Crisi idrica, AmAmbiente: "Investimenti orientati alla gestione di un bene prezioso per non continuare a inseguire le emergenze"
Un'estate caratterizzata dalle ordinanze e dagli appelli per un uso consapevole dell'acqua e per evitare gli sprechi. La società AmAmbiente: "Il ragionamento di sviluppo prevede di investire a livello di infrastruttura e tecnologia per un servizio efficace, efficiente e che garantisca economicità. Un lavoro che viene portato avanti in sinergia con i Comuni soci"

PERGINE VALSUGANA. "L'acqua è un bene da tutelare sempre di più, la gestione delle risorse idriche è strategica e un pilastro dell'azienda". A dirlo Daniele Malacarne, presidente di AmAmbiente. "Il ragionamento di sviluppo prevede di investire a livello di infrastruttura e tecnologia per un servizio efficace, efficiente e che garantisca economicità".
E' un'estate complicata per i molti Comuni soci della società multiservizi. Sono, infatti, diverse le ordinanze e gli appelli delle amministrazioni a residenti e turisti per regolare l'uso dell'acqua potabile e per un utilizzo responsabile delle risorse idriche.
"Ci sono naturalmente i confronti con le varie amministrazioni comunali per fronteggiare questi scenari complessi ma anche per indirizzare gli investimenti", aggiunge il presidente di AmAmbiente. "La società dispone di competenze, conoscenze e professionalità di alto livello. Nel passato sono state costruite diverse contromisure importanti e l'attuale governance intende proseguire lungo questa strada per aggiornare gli interventi e per trovare soluzioni puntuali.
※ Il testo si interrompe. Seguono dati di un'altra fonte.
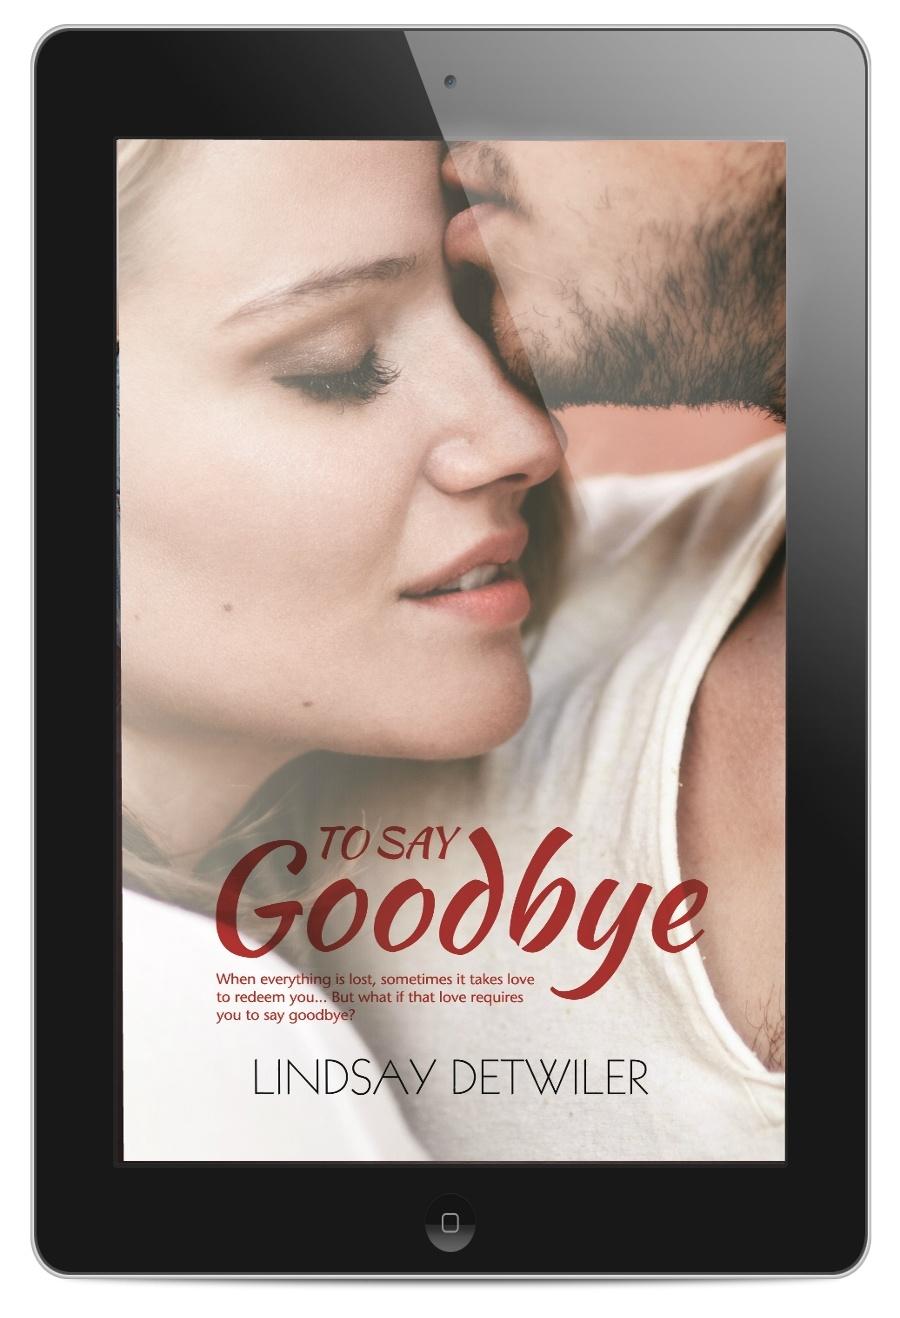 EPUB To Say Goodbye by Lindsay Detwiler

Un approccio di analisi che coinvolge i Comuni e la popolazione perché il processo deve partire dal basso".
Un lavoro quindi di supporto reciproco. "L'obiettivo è di una gestione delle risorse idriche e dei rischi derivanti dal cambiamento climatico per evitare di inseguire l'emergenza", prosegue Malacarne. "Un altro tassello è di intercettare finanziamenti europei, nazionali e provinciali per continuare gli investimenti nell'ammodernamento delle infrastrutture. Miglioramenti mirati che possano minimizzare gli inevitabili disagi alla popolazione quando si interviene sulla rete. Tuttavia queste azioni non sono sufficienti se non vengono accompagnate da campagne di sensibilizzazione ad hoc orientate alla valorizzazione delle risorse idriche e le informazioni per evitare gli sprechi di un bene prezioso".
Un'estate che ricorda in particolare quella del 2022: un inverno avaro di precipitazioni, stesso trend in primavera e un'estate di temperature elevate caratterizzata da una prolungata siccità. Tante ordinanze e numerosi gli interventi dei vigili del fuoco per riportare gli acquedotti a livello.
"Un effetto evidente e concreto del cambiamento climatico, gli impatti incidono molto sulla disponibilità di acqua", spiega Cesare Dallabona, responsabile del settore fluidi di AmAmbiente. In quel periodo abbiamo maturato un'esperienza sulle azioni correttive da mettere in campo. Misure che abbiamo adottato e ulteriormente aggiornato nel corso di questa estate".
Inoltre gli eventi estremi e le intense perturbazioni spesso creano più problemi che benefici sulla gestione delle reti. "I terreni e le superfici non drenano in modo ottimale e spesso portano impurità senza che ci sia un approvvigionamento sul fronte idrico", continua il responsabile fluidi di AmAmbiente. "Anche le persistenti temperature elevate però modificano i parametri delle risorse. I monitoraggi, le analisi e i controlli della qualità dell'acqua sono regolari, schematici e procedurali. I dati poi vengono inviati ai Comuni e all'Asuit. Il raccordo con le autorità competenti è costante per consentire di prendere le decisioni più puntuali possibili. Le rilevazioni sono inviate periodicamente e vengono pubblicate annualmente anche sul sito in forma completa".
Un'ulteriore difficoltà è legata all'estensione del territorio gestito dalla società, si va dalla Bassa Valsugana alla val di Cembra: zone molto diverse e con in aggiunta pressioni turistiche molto variabili. "I campionamenti sono svolti su misura rispetto alle località. Si interviene in modo puntuale. In generale poi ci aiuta il progetto Stilla e i telerilevamenti. I consumi sono costantemente monitorati per intercettare eventuali anomalie nei consumi e ridurre le perdite. La gestione delle risorse idriche è un aspetto sempre più strategico per il prossimo futuro", conclude Dallabona.